I have previously mentioned several volcanoes that have existed during the Cenozoic period in and around the Northern Rivers region of the New England. But, it is worth noting that there was once a period of significant volcanism earlier in the Cenozoic which defines the landscape of the Great Dividing Range south of Glen Innes, near the villages of Glencoe (with its excellent pub: The Red Lion Inn) and Ben Lomond. This area is the headwaters of many wild rivers found flowing down the rugged New England escarpment that are tributaries of the Clarence River. On the other side of the divide eventually join the Darling and then Murray River. The Maybole volcano was apparently centred at the modern day and generally unheard of locality, Maybole. It erupted lavas over a large area in every direction including large areas to the west, east and south east.

Maybole lies just on or just outside of the headwaters of the Northern Rivers but none-the-less is worth mentioning because of the extent of volcanic rock that appears to have originated from it. The rocks that have come from the Maybole Volcano are mostly basalt type rocks which were once referred to as the Eastern division of the Central Volcanic Province (Coenraads & Ollier 1992), now referred to as the Maybole Volcanics but still part of the Central Volcanic Province according to Vickery et al (2007). The Maybole Volcanics are comprised of alkali olivine basalt to slightly less silica undersaturated basalt and andesite and reworked volcanic material (epiclastic and volcaniclastic sedimentary rocks) and was erupted around 36-39 million years ago.

Coenraads & Ollier (1992) identified that Maybole was a significant volcano by determining the thickness of basalt that occurred in the region and noticing that at Maybole the thickness was significant at several hundred metres. There are also apparently some dykes and vents that are present. Additionally, they had a close look at drainage patterns and realised that they radiated like the spokes on a bicycle, a classical indication of volcanic geomorphology.

Since Coenraads & Ollier (1992), Vickery et al (2007) has undertaken a major review of the Central Volcanic Province and delineated several constituents of the province. The most significant along this part of the Great Divide is now known as the Maybole Volcanics, obviously directly associated with the Maybole volcano. The age of the Central Volcanic Province including the Maybole Volcanics shows that these rocks are too old to be associated with the Eastern Australian hotspot which formed many of the other major volcanic centres in the region (such as the Focal Peak, Tweed and Ebor Volcanoes). Some time after the end of volcanism from the Maybole Volcano  other volcanoes between about 14-24Ma erupted their lavas over the top of the Maybole Volcanic suite rocks.

Interestingly, it appears that the Maybole Volcanics had affected exactly where the Great Divide was situated because the nature of the existing range was such that the lavas filled the valleys creating thick volcanic piles while the existing hills were only covered with thin layers. This meant redirection of streams and when the rock was eroded the more erodible hills were turned into valleys and the valleys became hills caped with basalt.
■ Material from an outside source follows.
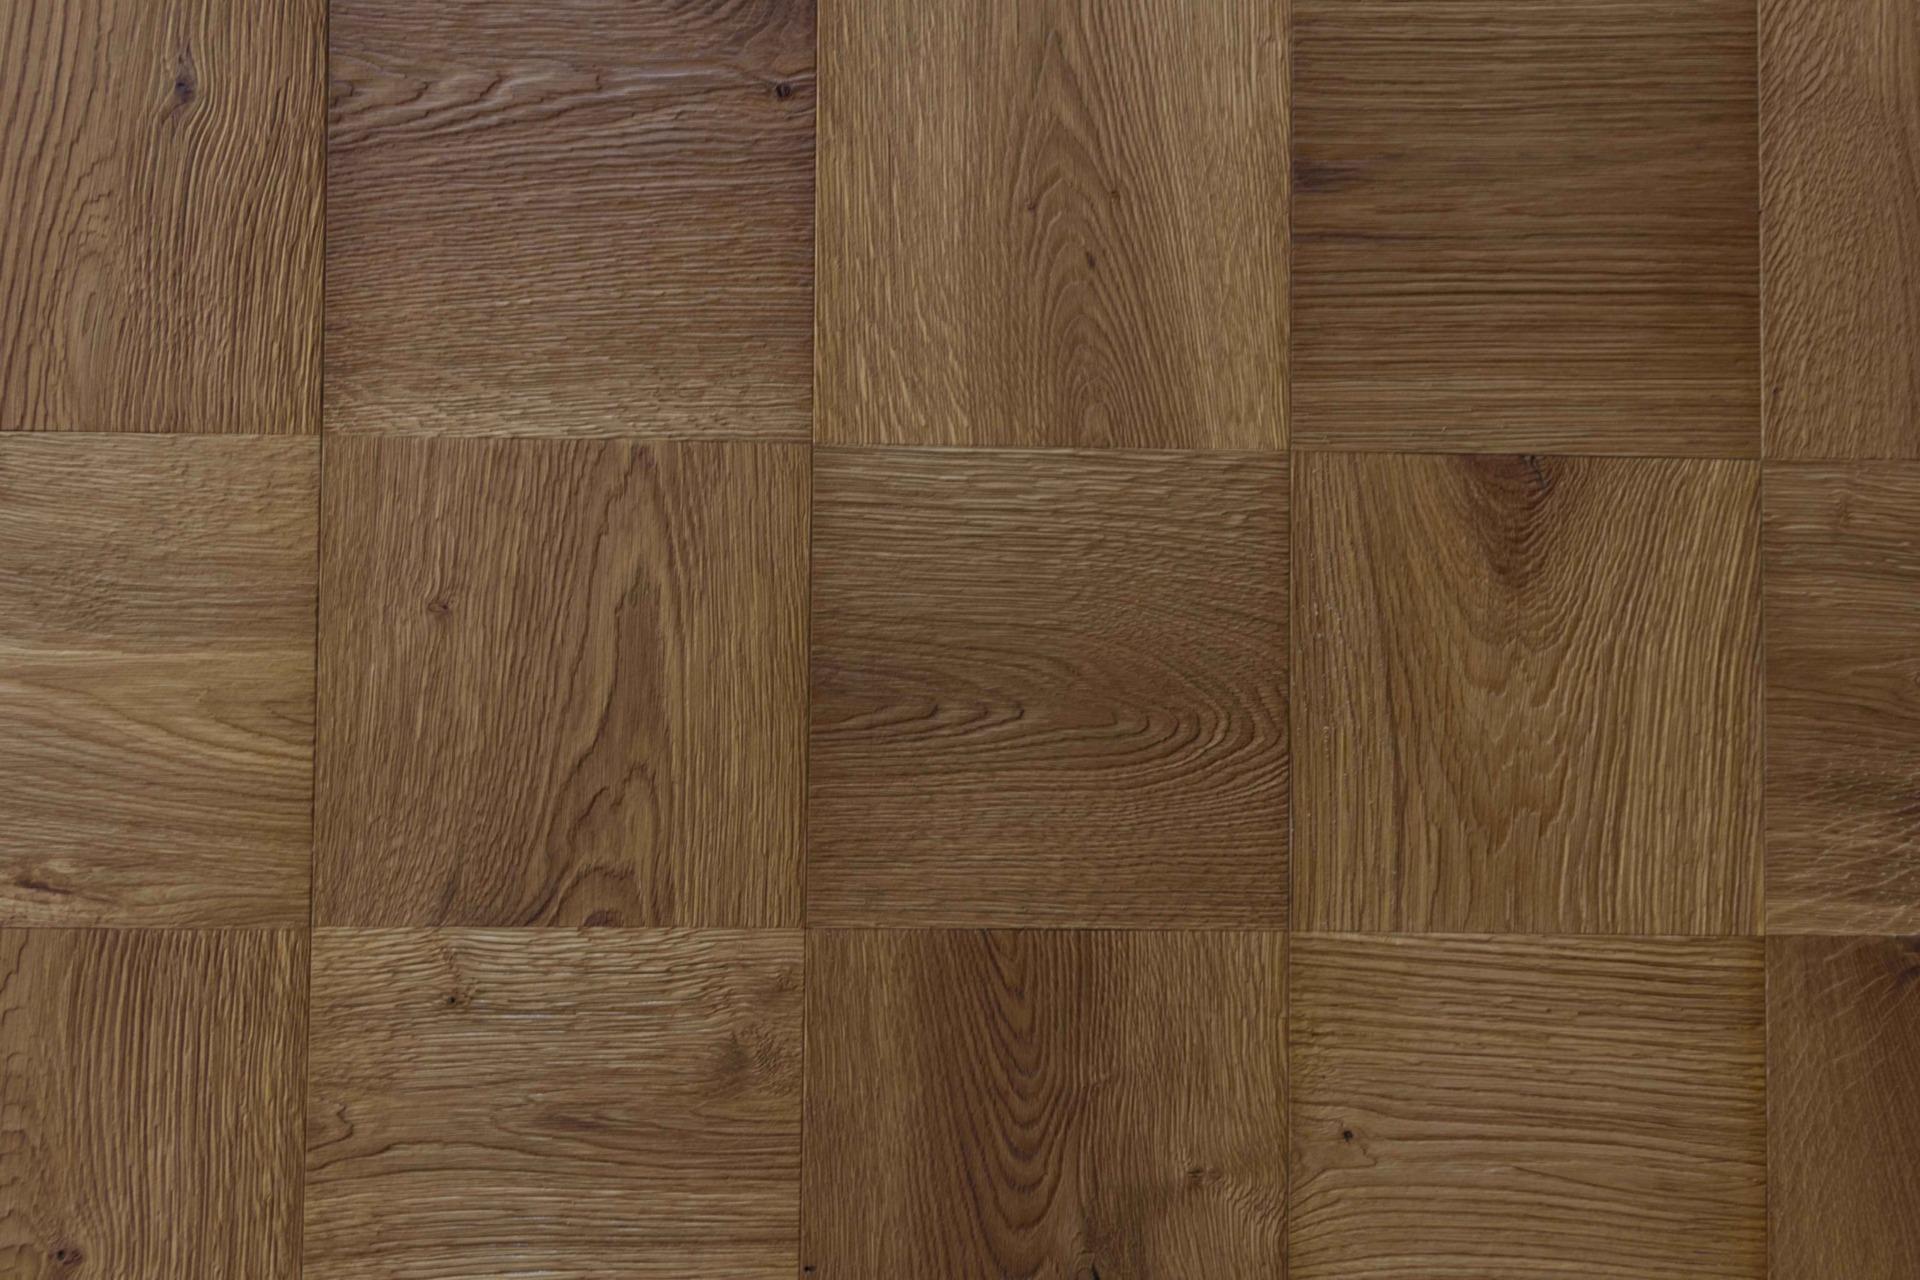 Block panel 1-strip 15/4 x 190 x 1900 mm deep brushed rustic A/B
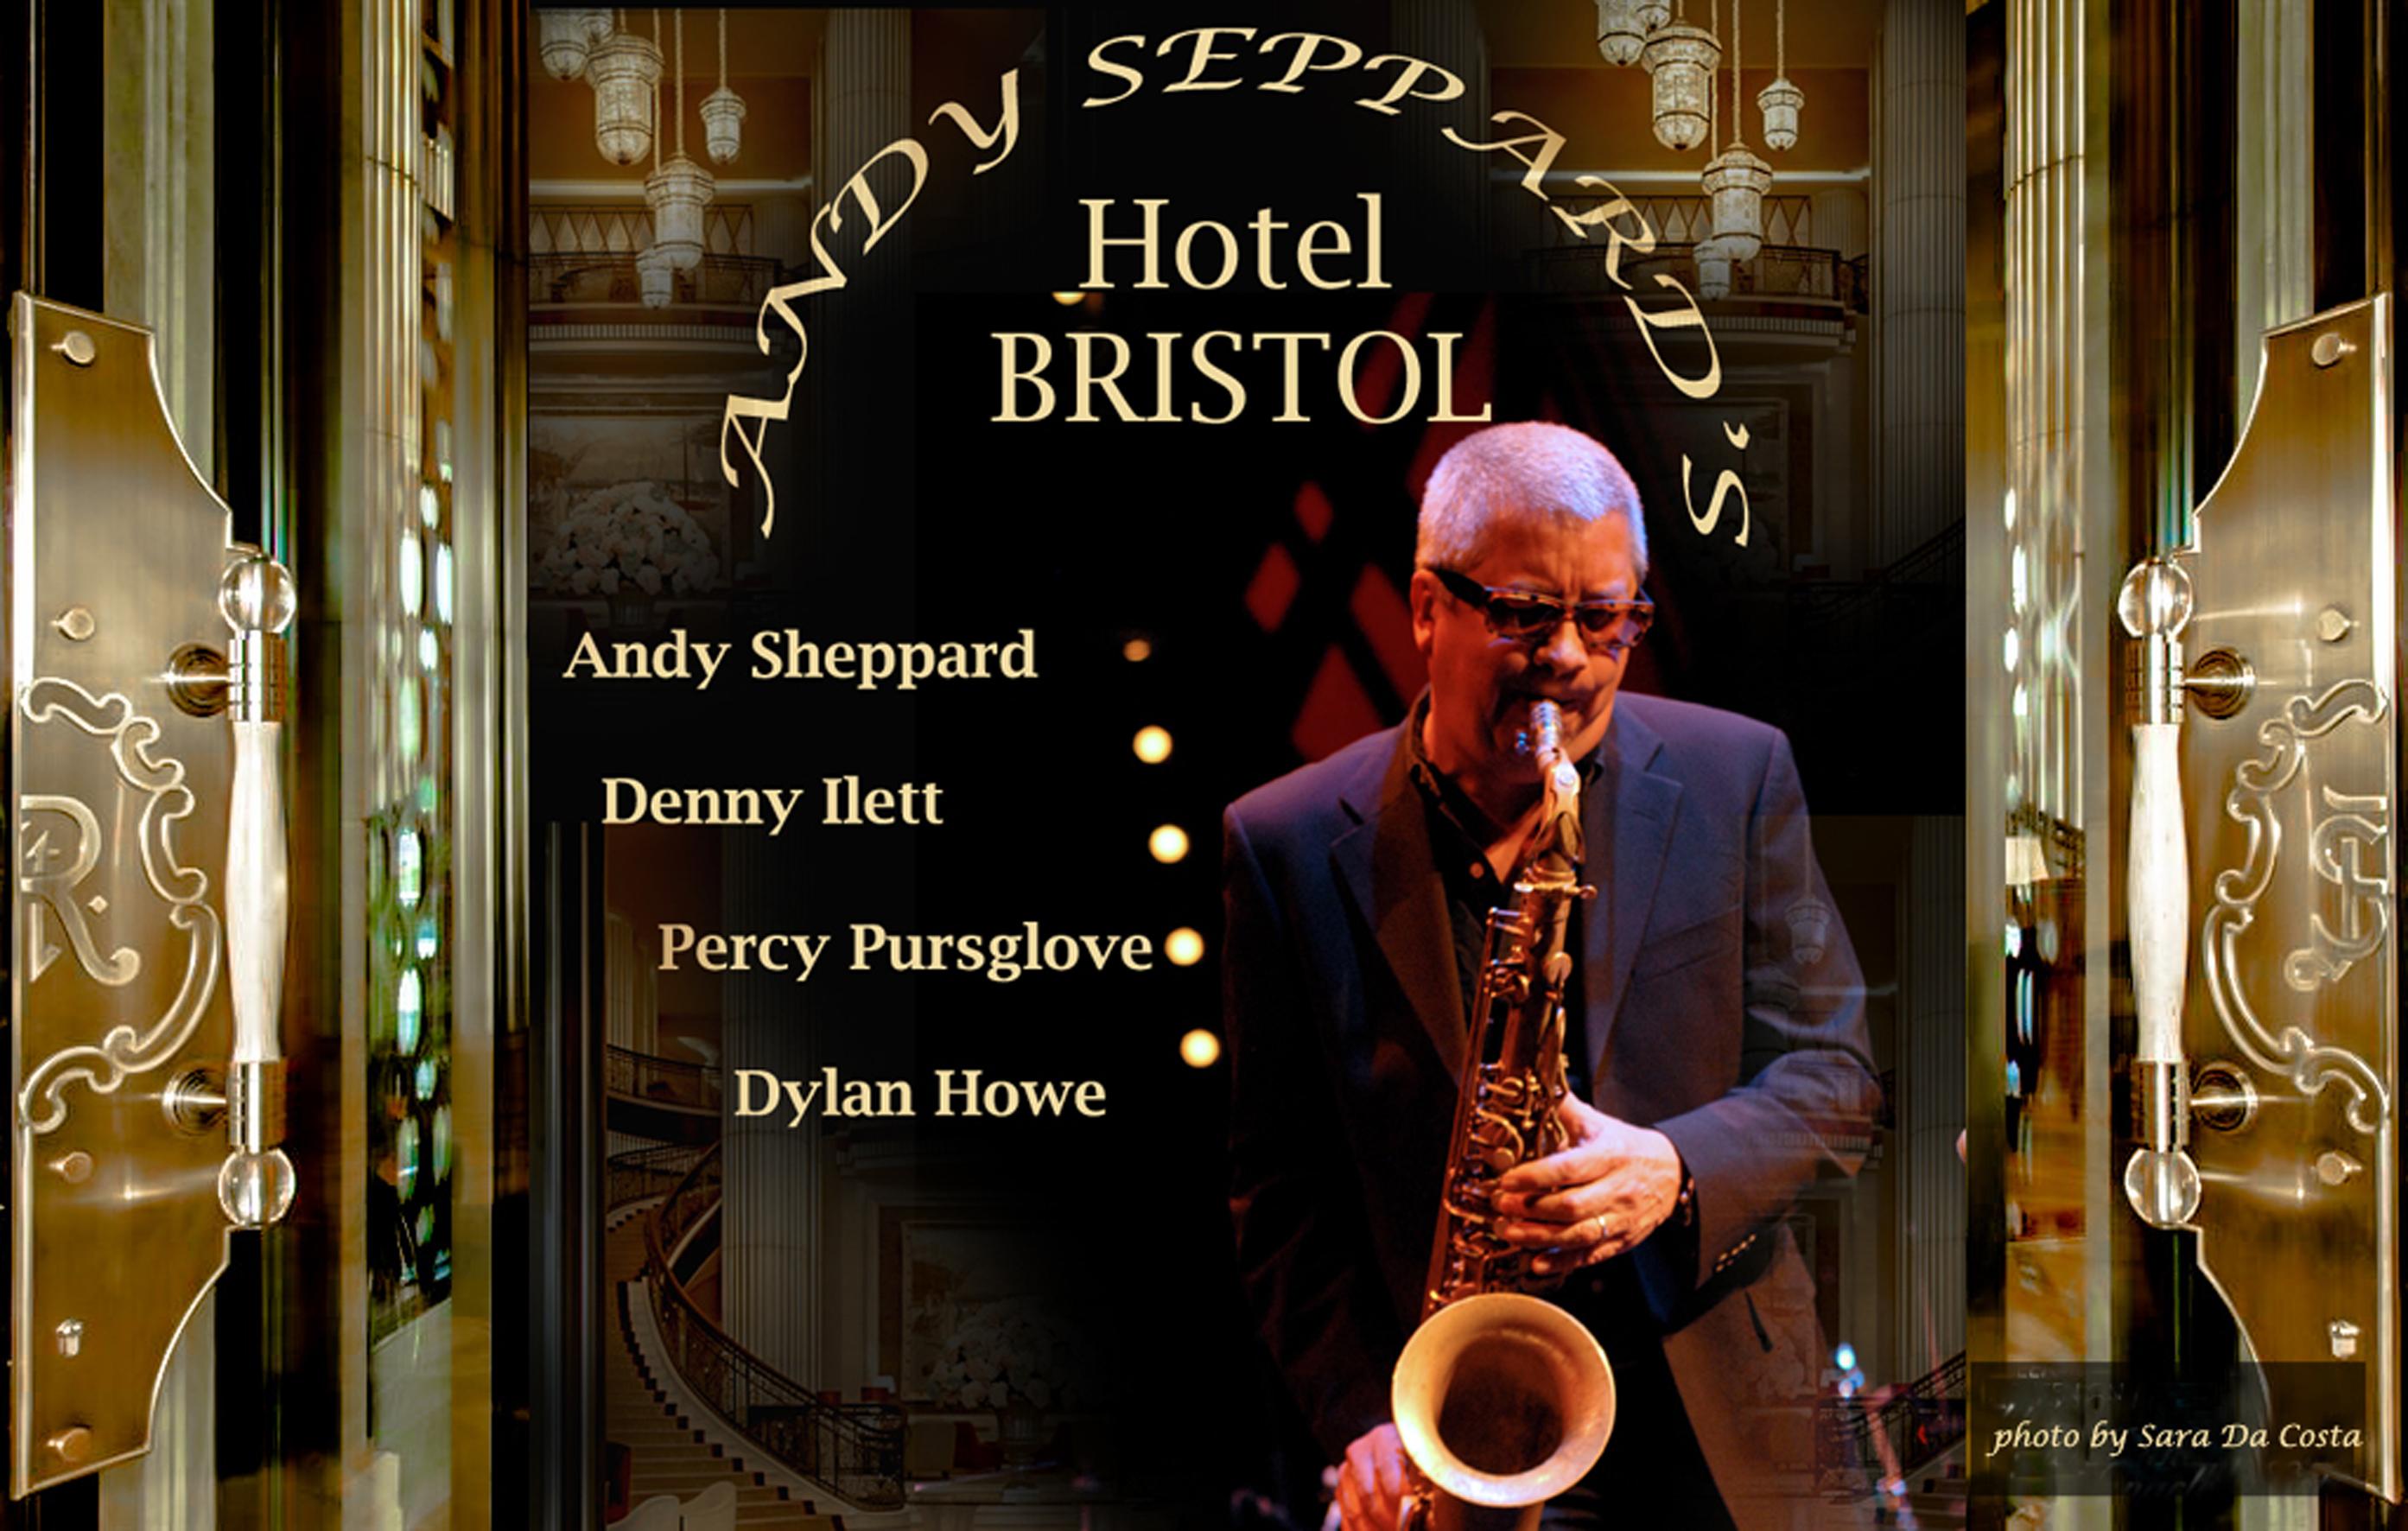 HotelBristolFlyerBIG - Andy Sheppard

This is termed an inverted topography. But more about this in another post.

Interestingly, Coenraads & Ollier (1992) have observed that the the great divide has moved over time with some of the old basalt filled valleys showing that they used to flow to the west but with the streams now flowing to the east. It actually appears that the Northern Rivers region is getting bigger!

Red Lion Inn (from Flickr)

PS. Like lots of geologists I like pubs with a good atmosphere and The Red Lion Inn at Glencoe is just such a beautiful place. It is an exceptional location to stop for a meal, especially during the middle of winter while snow is coming down. Alternatively, during autumn while the trees turn bright yellow and red, or during spring while the new leaves are coming out, or even summer! i.e. I recommend it!

References/bibliography:

*Coenraads, R. R., Ollier, C.D. 1992. Tectonics and Landforms of the New England Region in 1992 Field Conference - New England District. Geological Society of Australia Queensland Division.
*Vickery, N. M., Dawson, M.W., Sivell, W.J., Malloch, K.R., Dunlap, W.J. 2007. Cainozoic igneous rocks in the Bingara to Inverell area, northeastern New South Wales. Geological Survey of New South Wales Quarterly Notes v123.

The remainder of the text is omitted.